Says the handsome 28-year-old actor, I hear you say. Clean shaven, Polo-shirted, Scottish accent still happily intact (note to the reader: in what follows every time you see the word “do” hear it as “dae”, “ain” for “own”; he’s also the only interviewee I’ve heard use the word “spraffed” and said “That’s shan” to me in conversation), Lowden is chatty, animated and, as you may have noticed, politely dodging the original question.
But, really, if anyone deserves to be all puffed up around about now it might be Lowden. A couple of years ago he first really came to prominence when he turned up in both the lead role of Mark Gill’s small but rather sweet Morrissey movie, England is Mine and as one of the Spitfire pilots (the one who wasn’t Tom Hardy) in Christopher Nolan’s widescreen 70mm epic Dunkirk.
Right now, he’s got another double header lined up. Triple header, actually. Last month he turned up in the BBC drama The Long Song (still on the BBC iPlayer) and at the start of March he’ll be seen in Stephen Merchant’s directorial debut, the wrestling comedy-drama Fighting with My Family, opposite Merchant himself, Florence Pugh and the Rock.
But today he’s talking about the historical drama Mary Queen of Scots, in which he plays Lord Henry Darnley opposite Saoirse Ronan in the title role.

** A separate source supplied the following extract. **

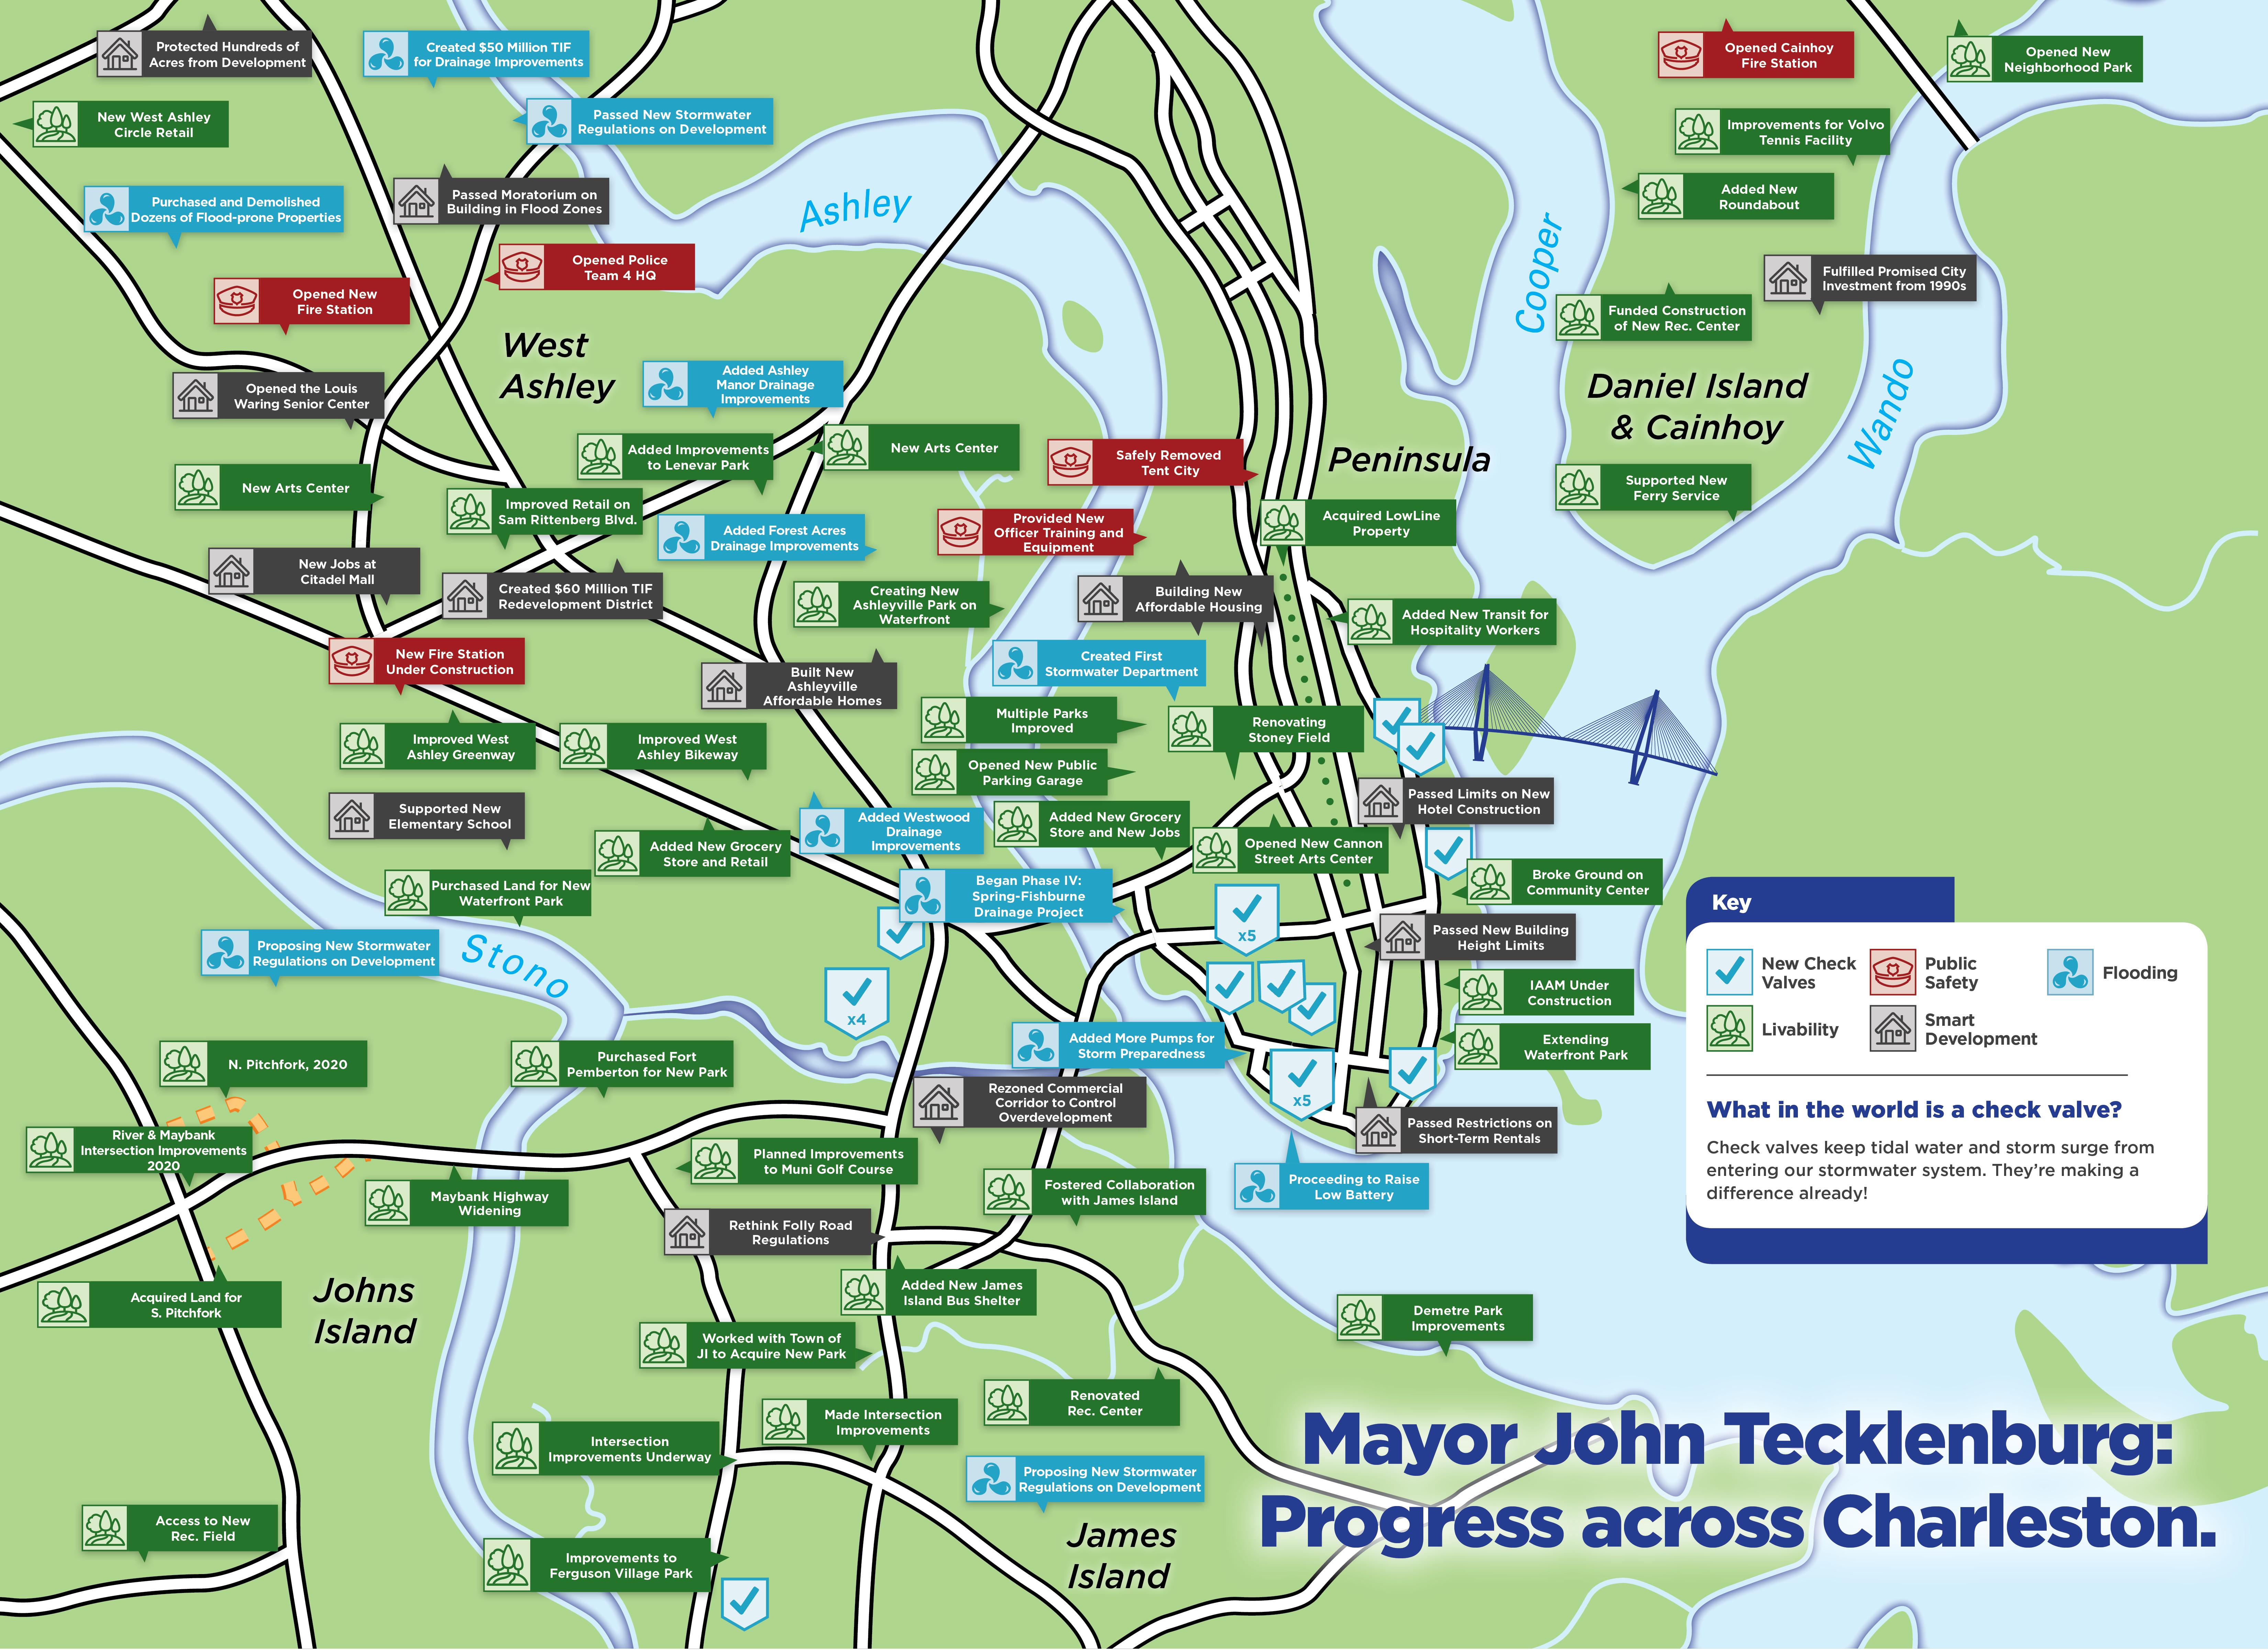 Tecklenburg Accomplishments Map

Director Josie Rourke’s film is a striking period piece that takes the odd liberty with history (it suggests that Mary did meet her sister Elizabeth, the English monarch) and benefits from a suitably fierce performance from Ronan (if Beyonce did Scottish medieval royalty …)

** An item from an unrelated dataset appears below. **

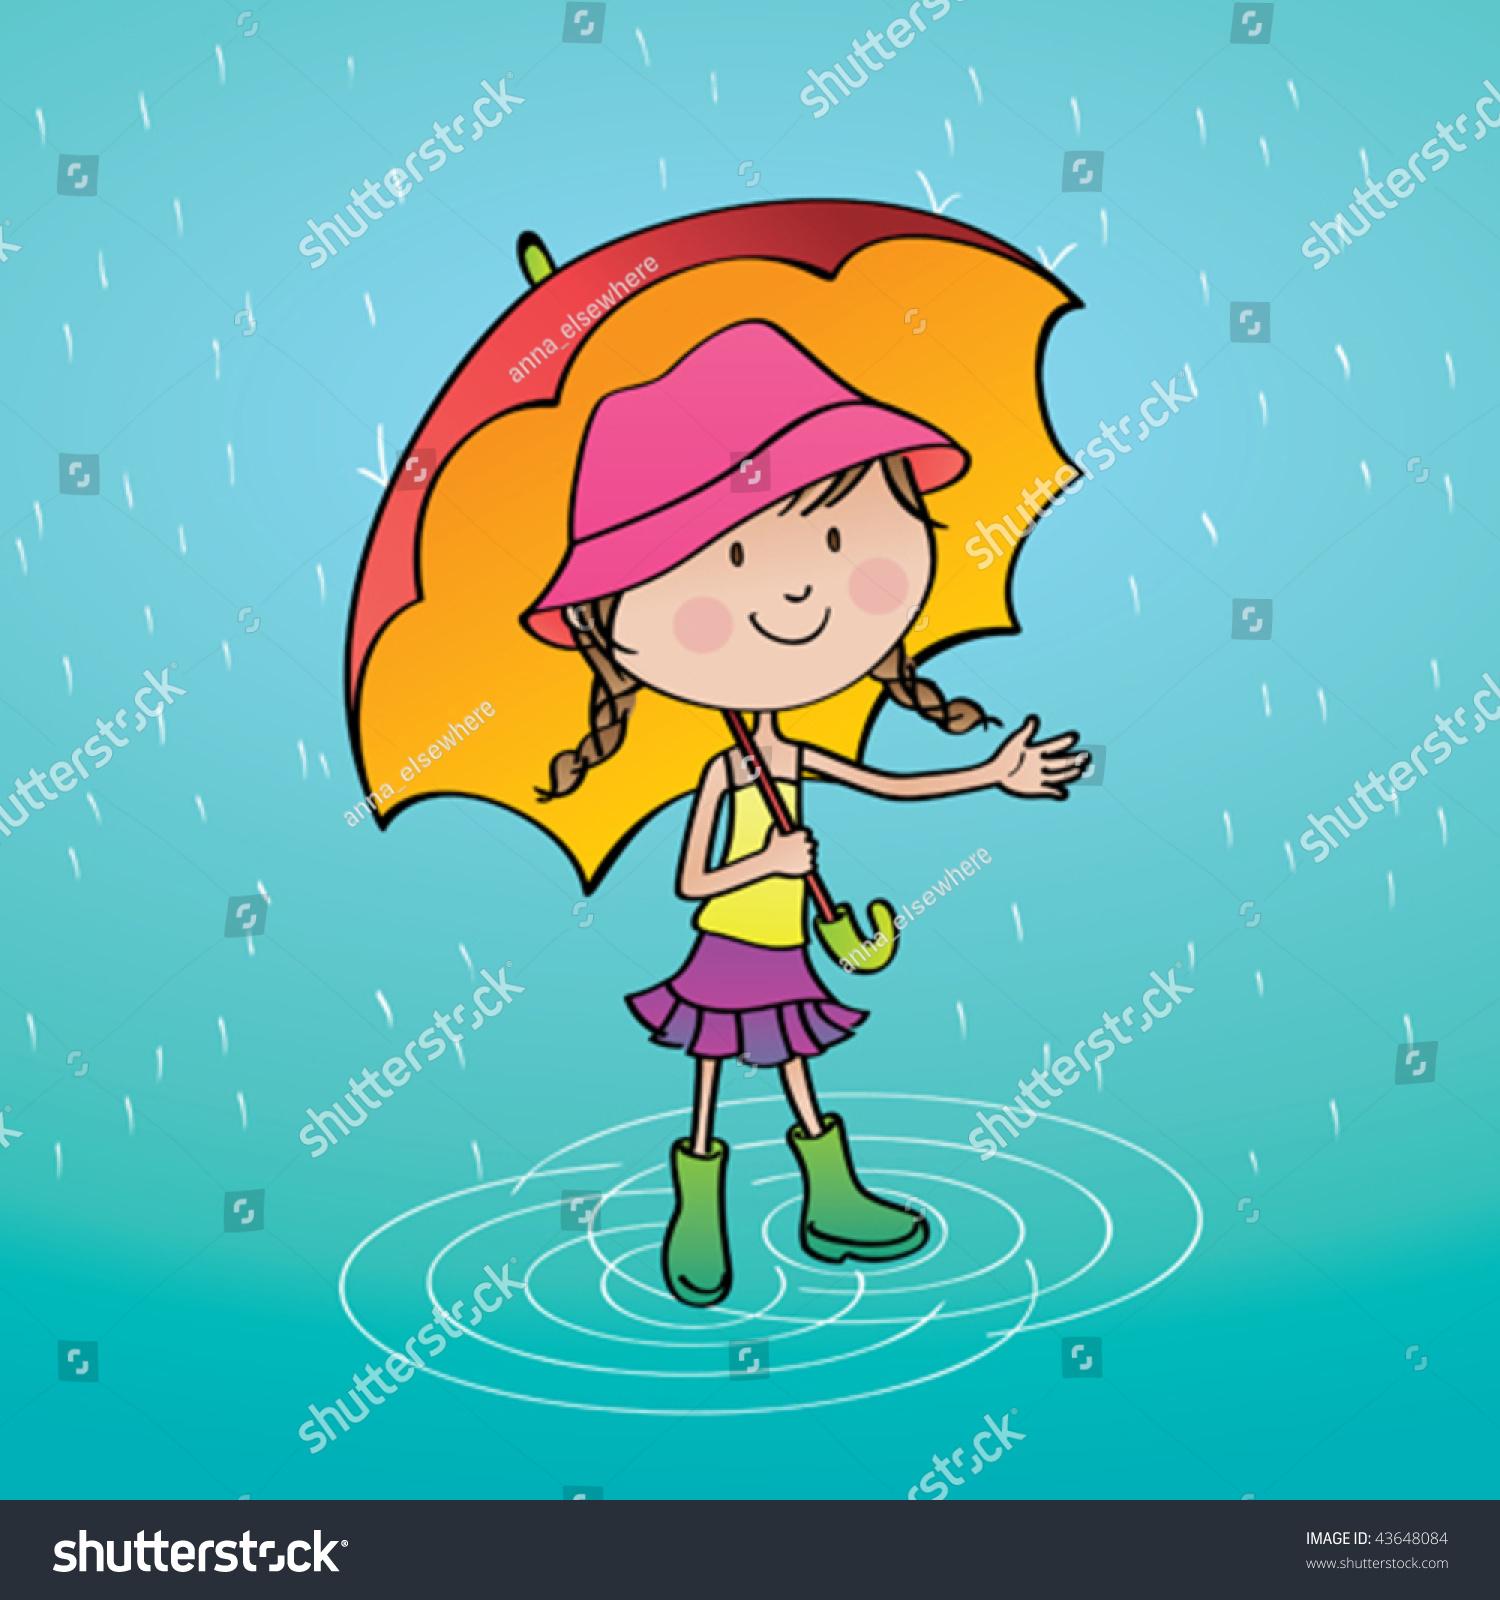 Cute Rainy Day: Summer Rainy Day Vector Illustration Cute Stock Vector

Why did Lowden want to get involved in the first place? “The story of Mary. I grew up not knowing enough about her, really not knowing anything about her at all. She’s almost relegated to this Bonnie Prince Charlie-esque kind of figure. We’re very good at doing that in Scotland, making them romantic slash tragic, you know … There were so many things that I was completely unaware of.
“I’m just glad it got made. Anything about Scottish history. I’m so obsessed with our country’s history, have been since I was a kid. And I think growing up where I grew up on the border you sort of become even more aware of our history because it’s right up against the other country, so anything made about us I’d love to be doing.”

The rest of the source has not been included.